Growth hormone is made by your pituitary gland — a pea-sized gland at the base of your brain. It triggers your liver to produce IGF-1, which then carries out most of GH's effects: building muscle, burning fat, repairing tissue, and maintaining bone density.
The problem with testing serum GH directly is that it's pulsatile. Your pituitary releases GH in bursts — the largest during deep (slow-wave) sleep, with smaller pulses after exercise or fasting. Between pulses, your GH level can be essentially zero. So a random blood draw is like checking the weather by looking out the window for one second.
That's why endocrinologists use stimulation tests (like the insulin tolerance test or arginine-GHRH test) when they truly need to assess GH function. For everyone else, IGF-1 is the practical proxy — it reflects your average GH output over days to weeks and can be drawn at any time.
What your number means
A random serum GH value has limited clinical meaning by itself. The ranges below are reference values, but your result depends entirely on when the blood was drawn relative to your last GH pulse.
| GH Level (ng/mL) | Context |
|---|---|
| < 0.1 | Likely between pulses — normal for a random draw. Only concerning on a stimulation test. |
| 0.1–3 | Typical random value in adults.

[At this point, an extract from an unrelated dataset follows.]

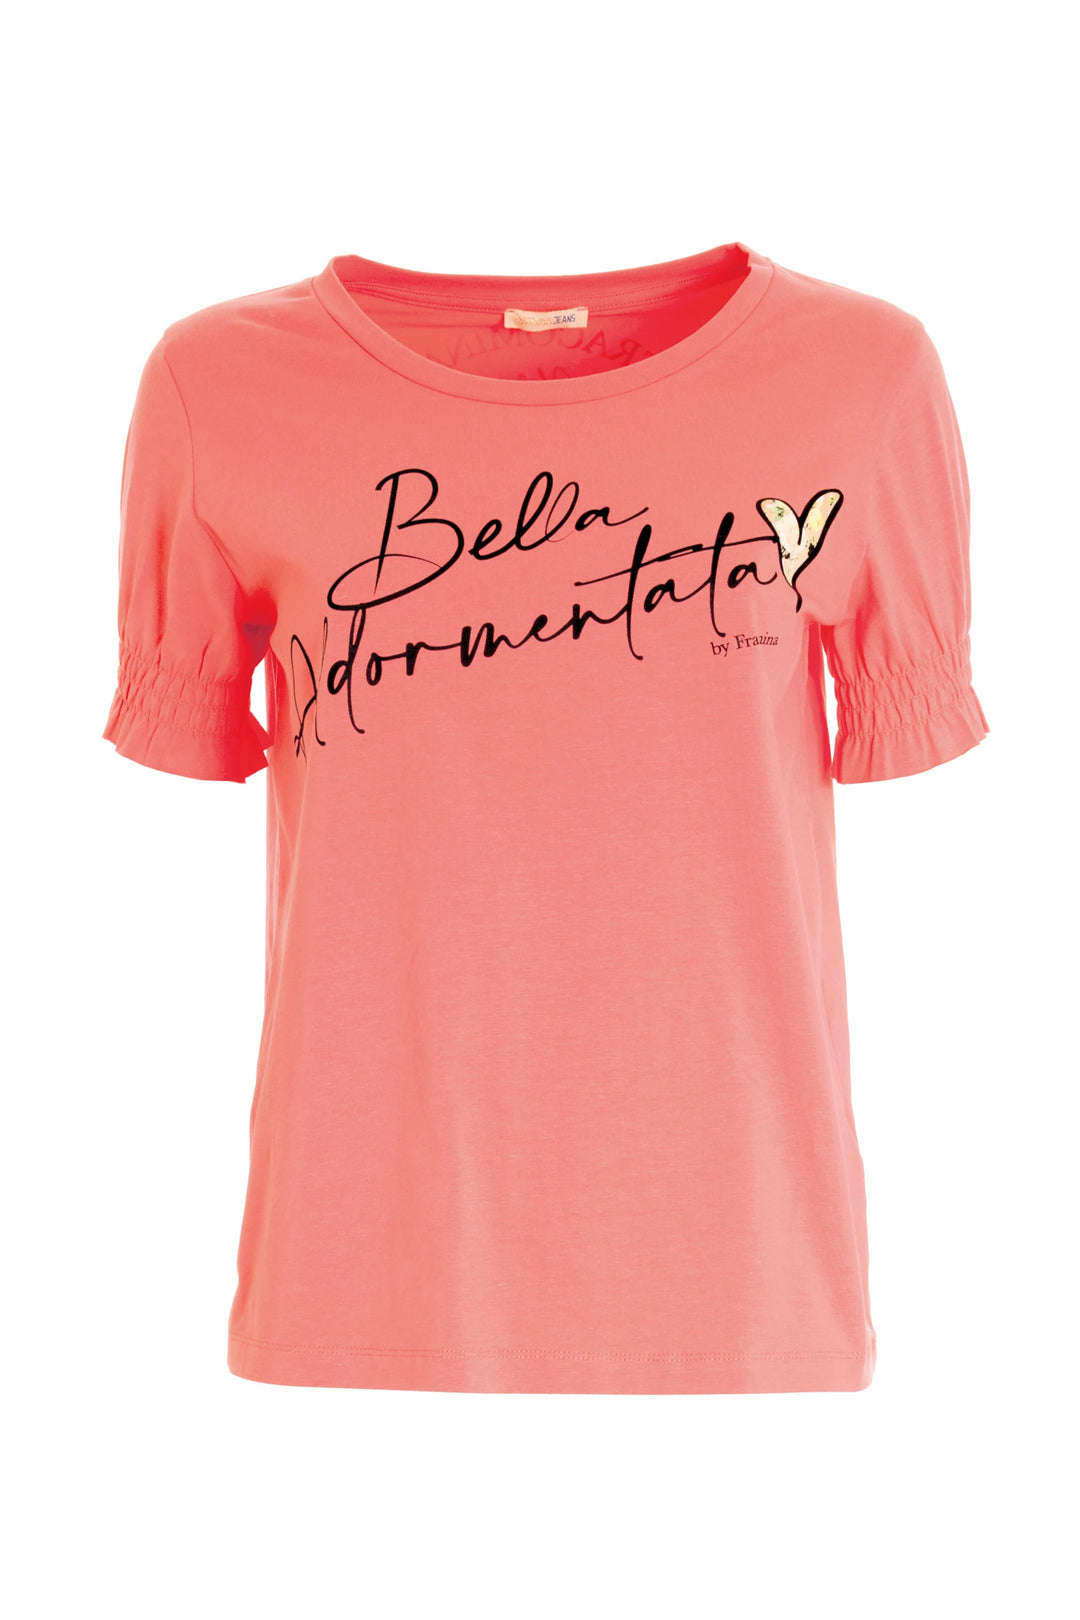 FRACOMINA T-shirt regular in jersey melon con stampa 'bella' - Mancinelli 1954
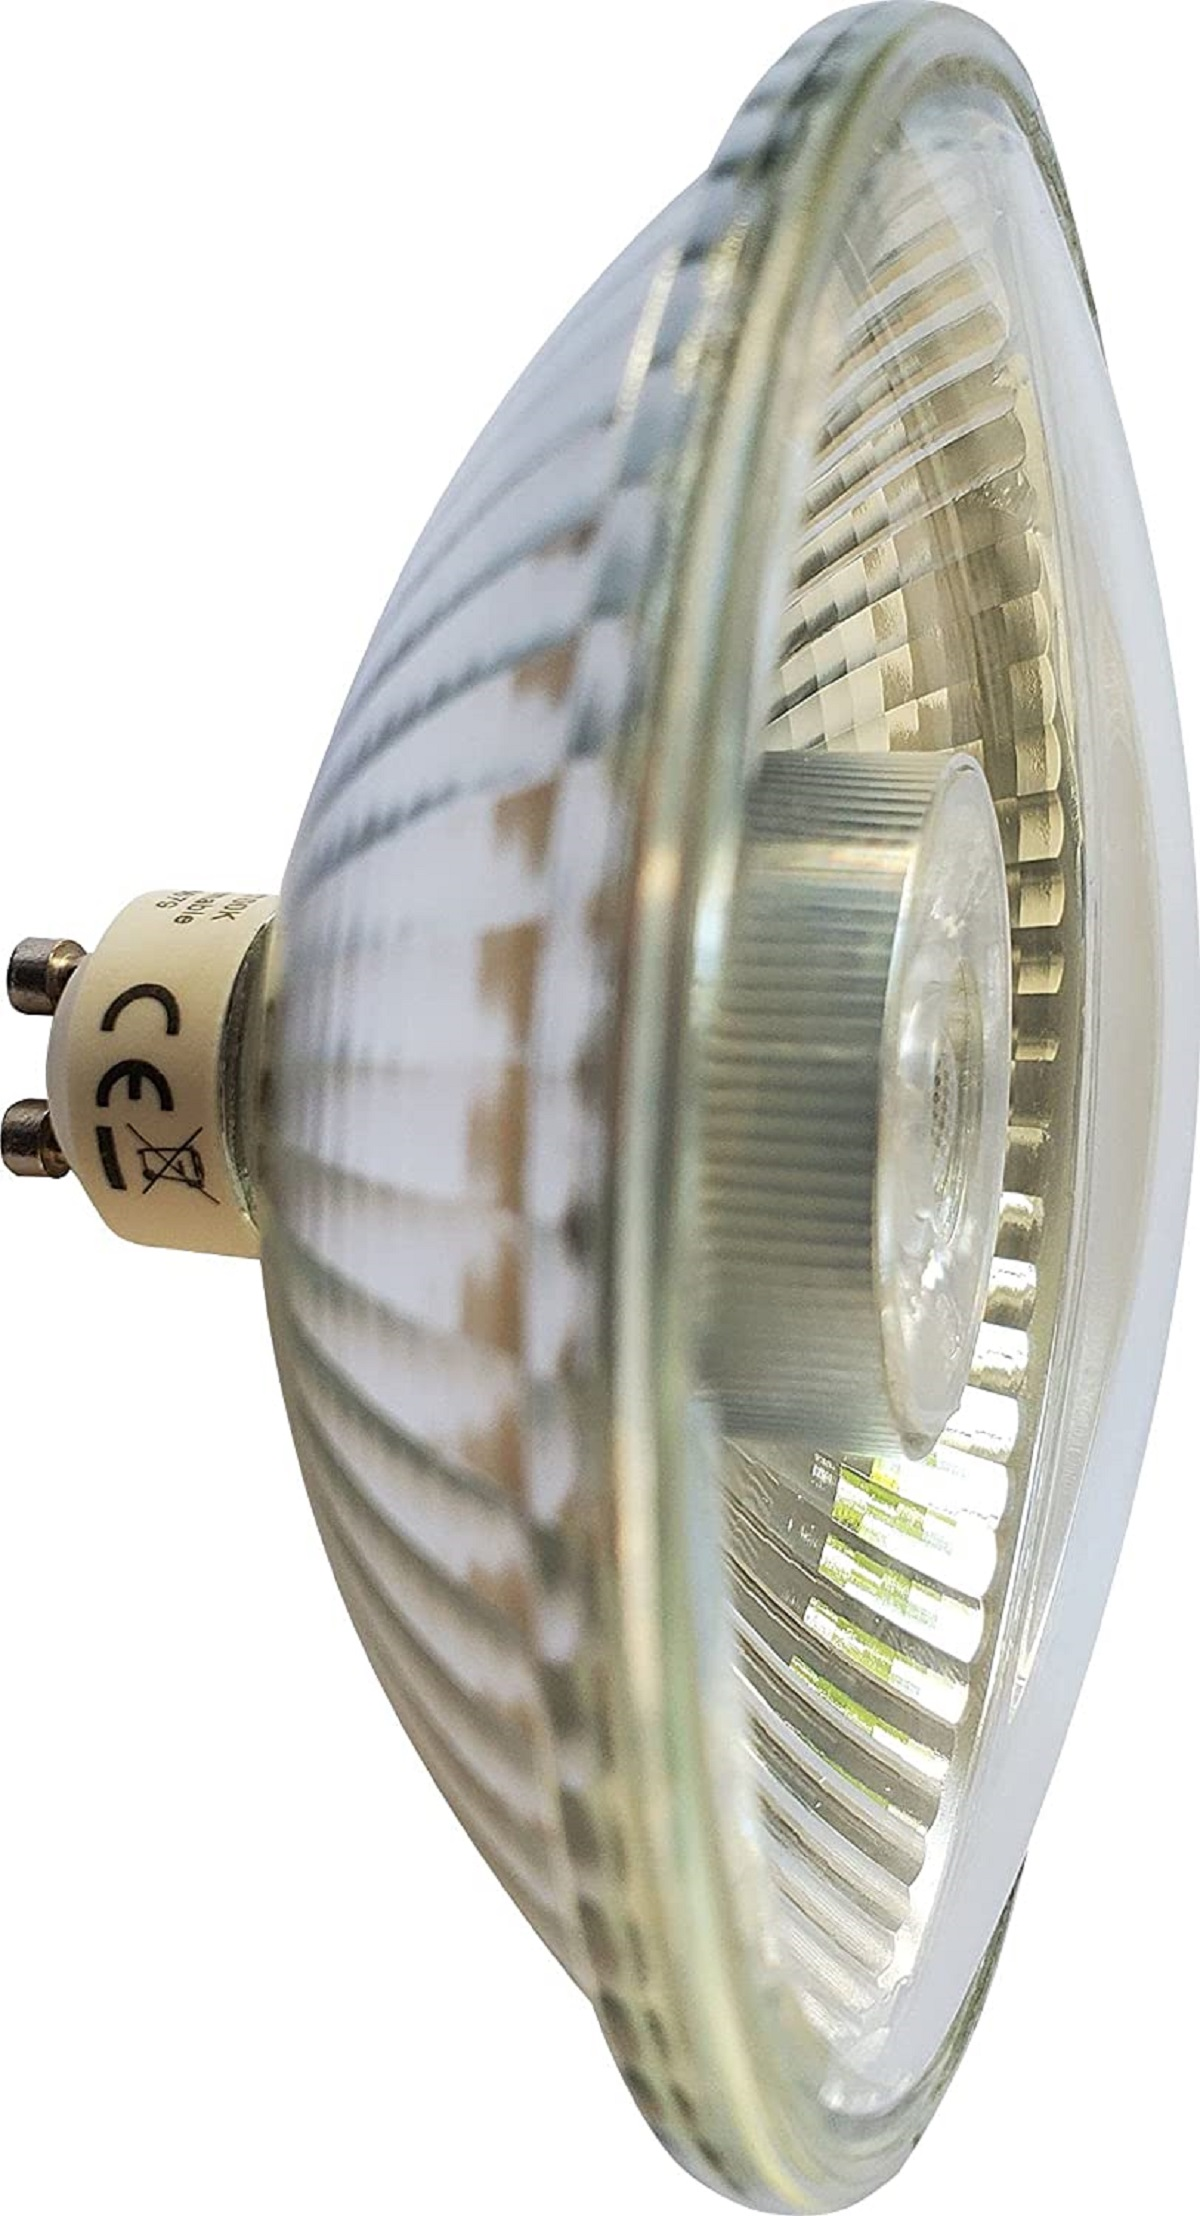 LED Lampe LED Warm GU10 BOLD Reflektor Lumen Quinn DIE 425 Weiß

Doesn't tell you much without IGF-1 context. |
| 3–8 | Likely caught during or near a pulse. May be normal, or could suggest stimulation from exercise/fasting. |
| > 10 | Unusually high for a random draw. Investigate — could indicate a GH-secreting pituitary adenoma (acromegaly). |
Bottom line: Don't over-interpret a single GH number. If you're curious about your GH status, ask your doctor for an IGF-1 test — it's stable, reliable, and doesn't require any special timing.
How to support healthy GH levels naturally
Sleep and body composition matter far more than any supplement. GH declines ~15% per decade after age 30, but lifestyle interventions can meaningfully slow that decline.
- Prioritise deep sleep — 70–80% of daily GH is released during slow-wave sleep. Poor sleep quality crushes GH output more than anything else.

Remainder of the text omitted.